Não deveríamos talvez ir mais longe e, não contentes em conservar os resultados desses modos de produção arcaicos, também nos esforçarmos para proteger o conhecimento insubstituível graças ao qual esses resultados foram adquiridos? Quem sabe, de fato, se as ameaças que atualmente pesam sobre a civilização ocidental não as tornarão, um dia, providenciais para aqueles que virão depois de nós.

Filosofia na origem

Tal, parece-me, é a filosofia que inspirou os fundadores dos prémios a cujo grupo pertence o que hoje recebo. E se este ano o entregaram a um etnólogo, parece-me que a razão é que esta disciplina pretende também preservar a memória dos géneros da vida e das noções que, em países exóticos e no nosso, se mantiveram melhor entre grupos pequenos humanos que permaneceram em contato direto com a natureza.

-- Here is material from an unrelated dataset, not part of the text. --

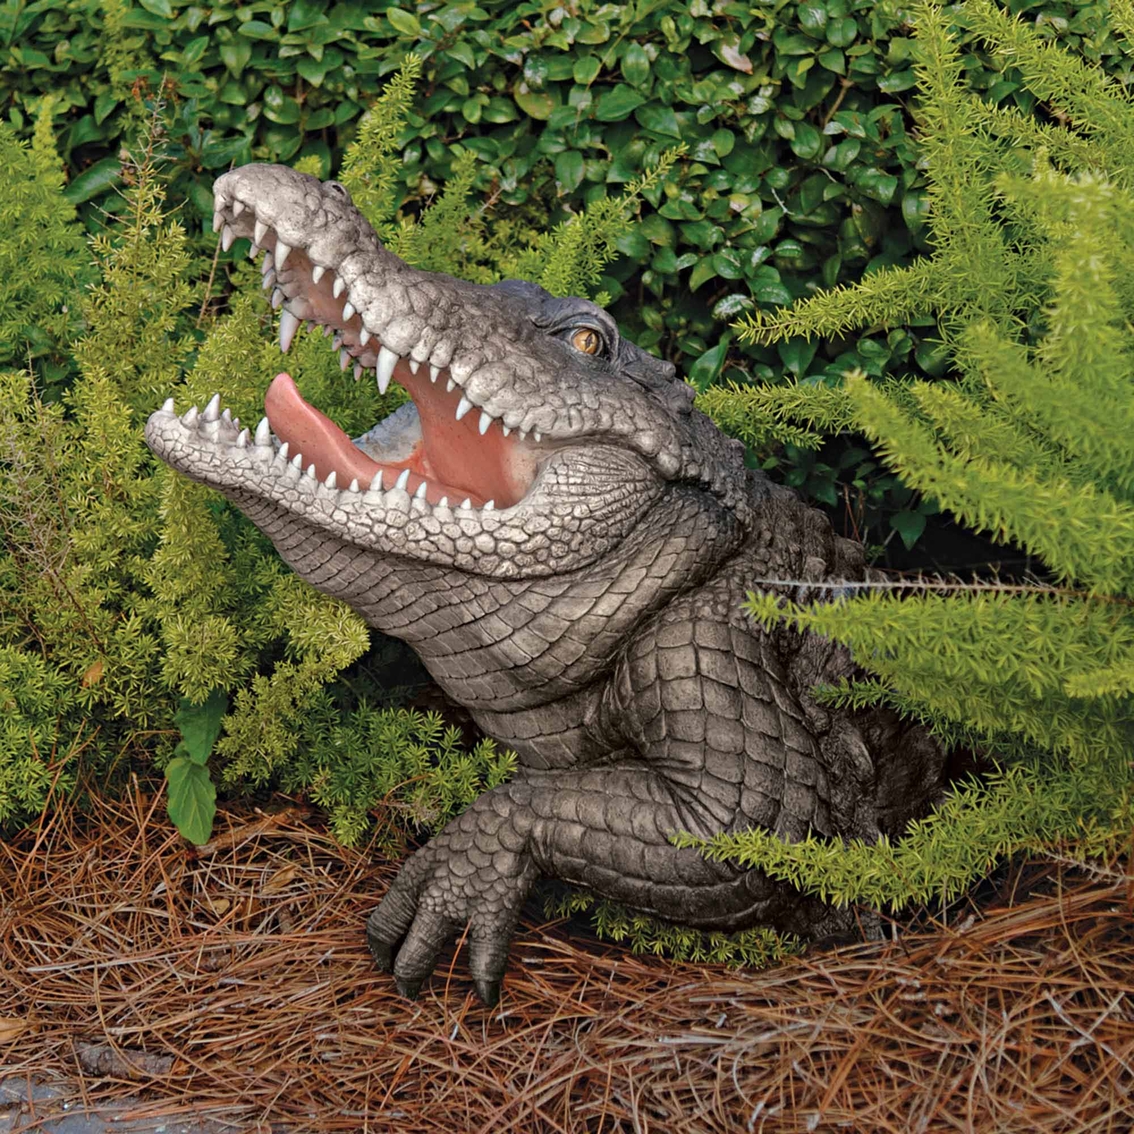 Design Toscano Snapping Swamp Gator Statue - Image 2 of 2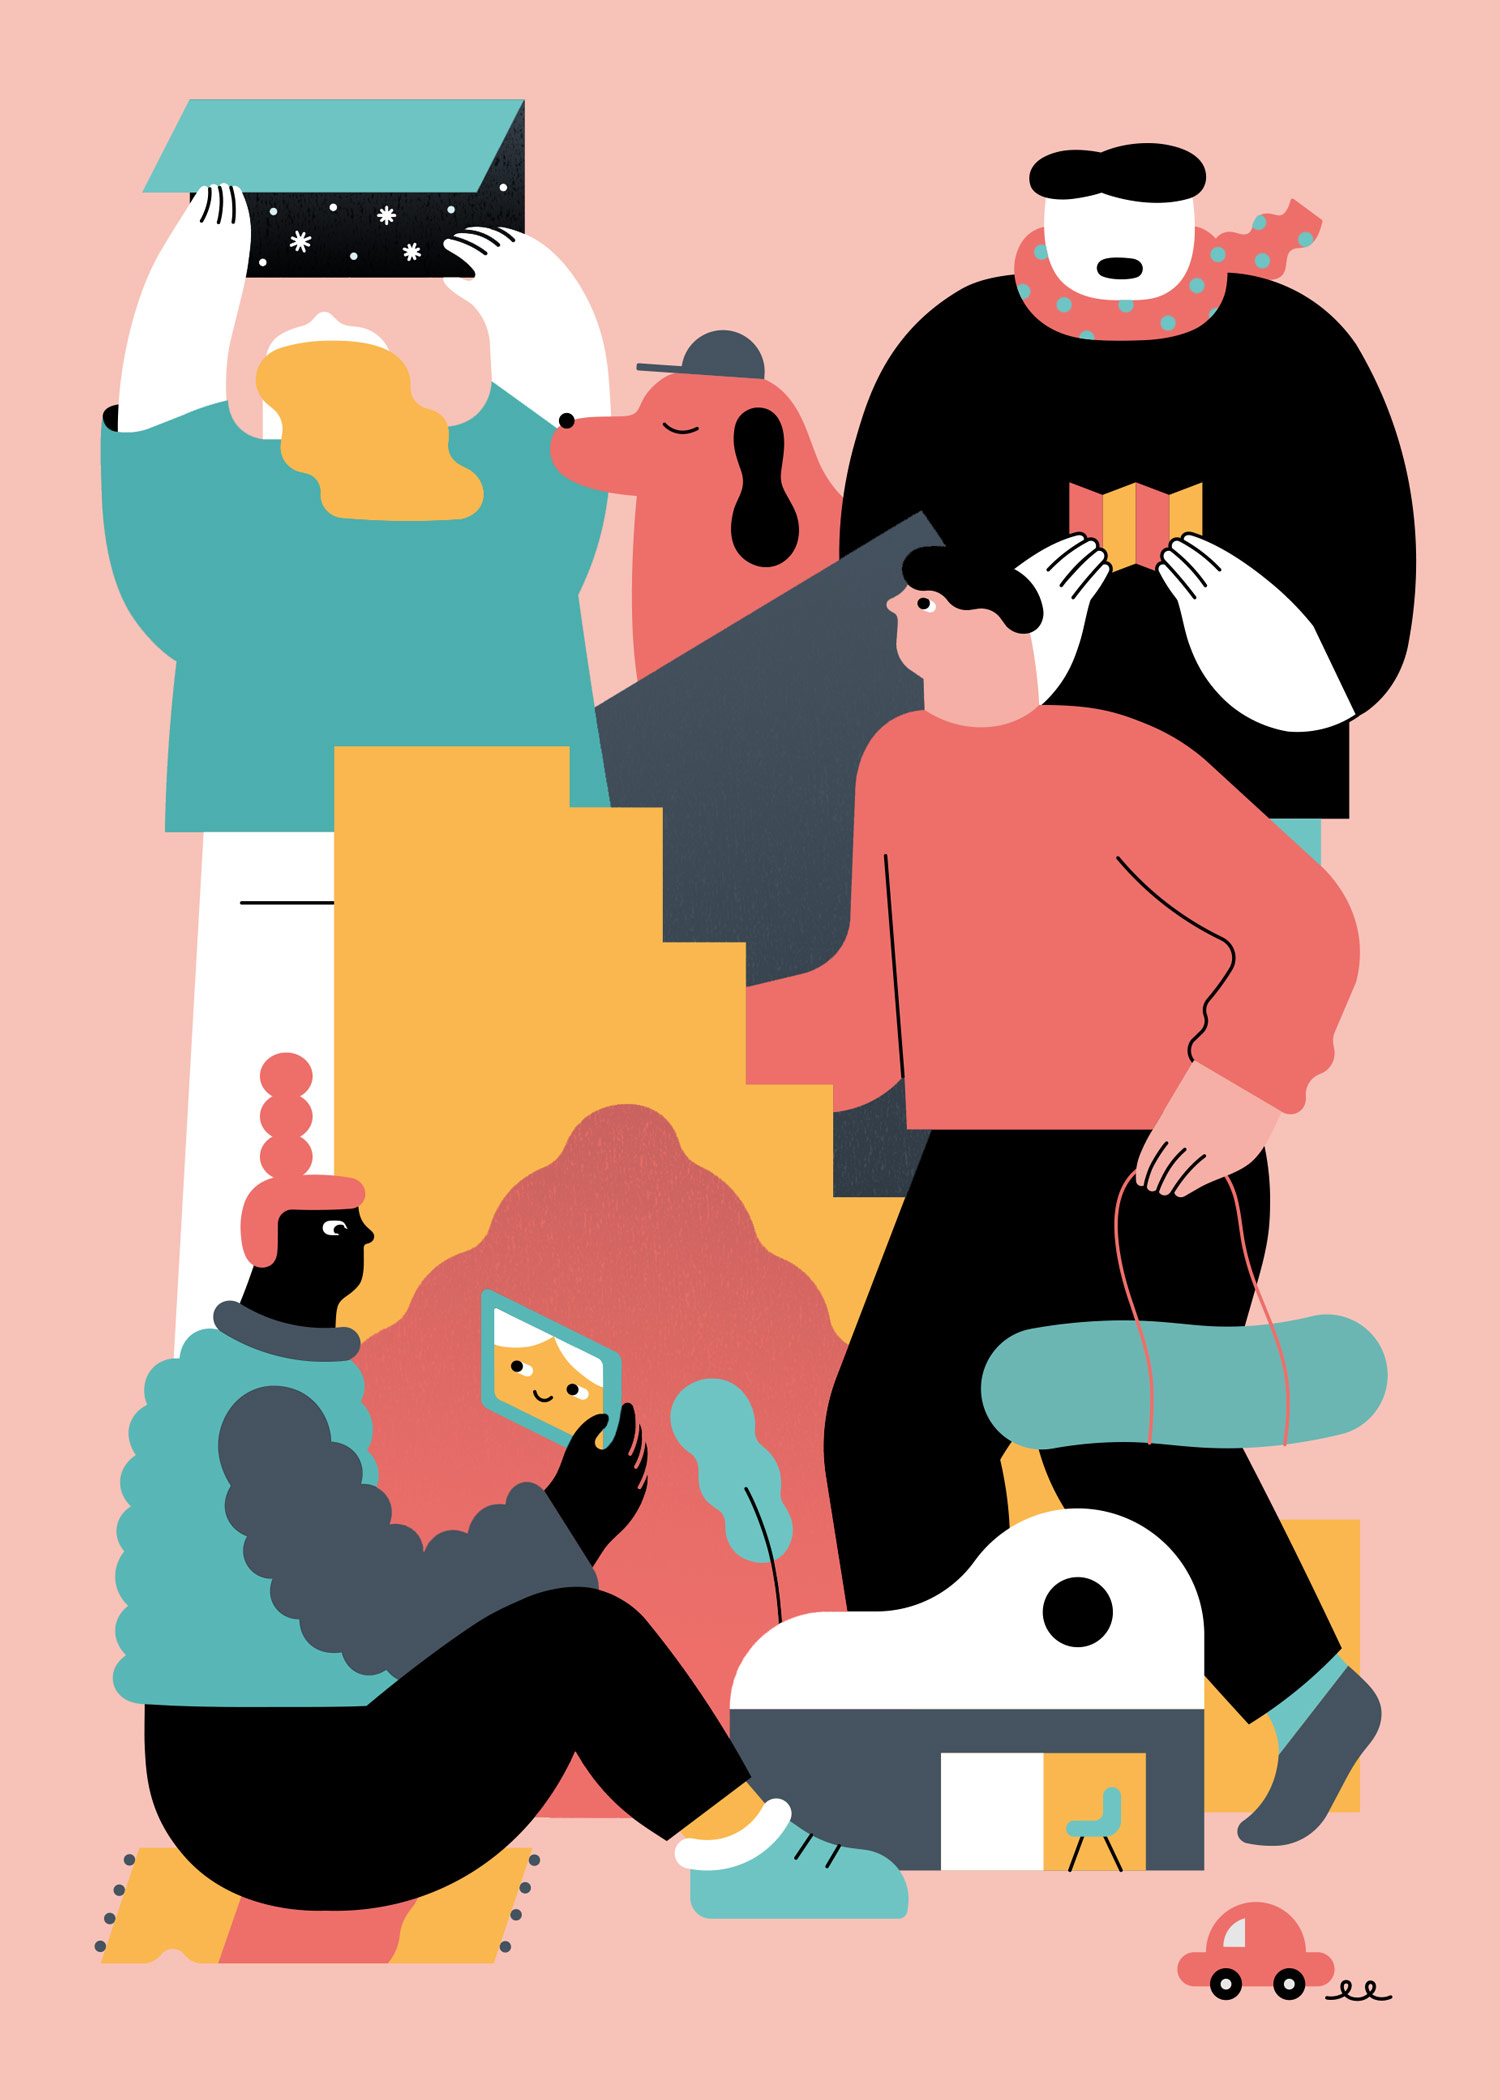 Part of a series of illustrations for Airbnb’s Culture Report

Jean-Jacques Rousseau já o dizia em Emilio o de la educación: «Às províncias mais remotas, onde o movimento e o comércio são menores, onde os estrangeiros viajam menos e os nativos viajam menos, precisamente aí é necessário ir para estudar o gênio e costumes de uma nação. (...) Estudem um povoado fora de suas cidades, porque não é nas cidades onde serão conhecidos. (...) o país é constituído pelo campo».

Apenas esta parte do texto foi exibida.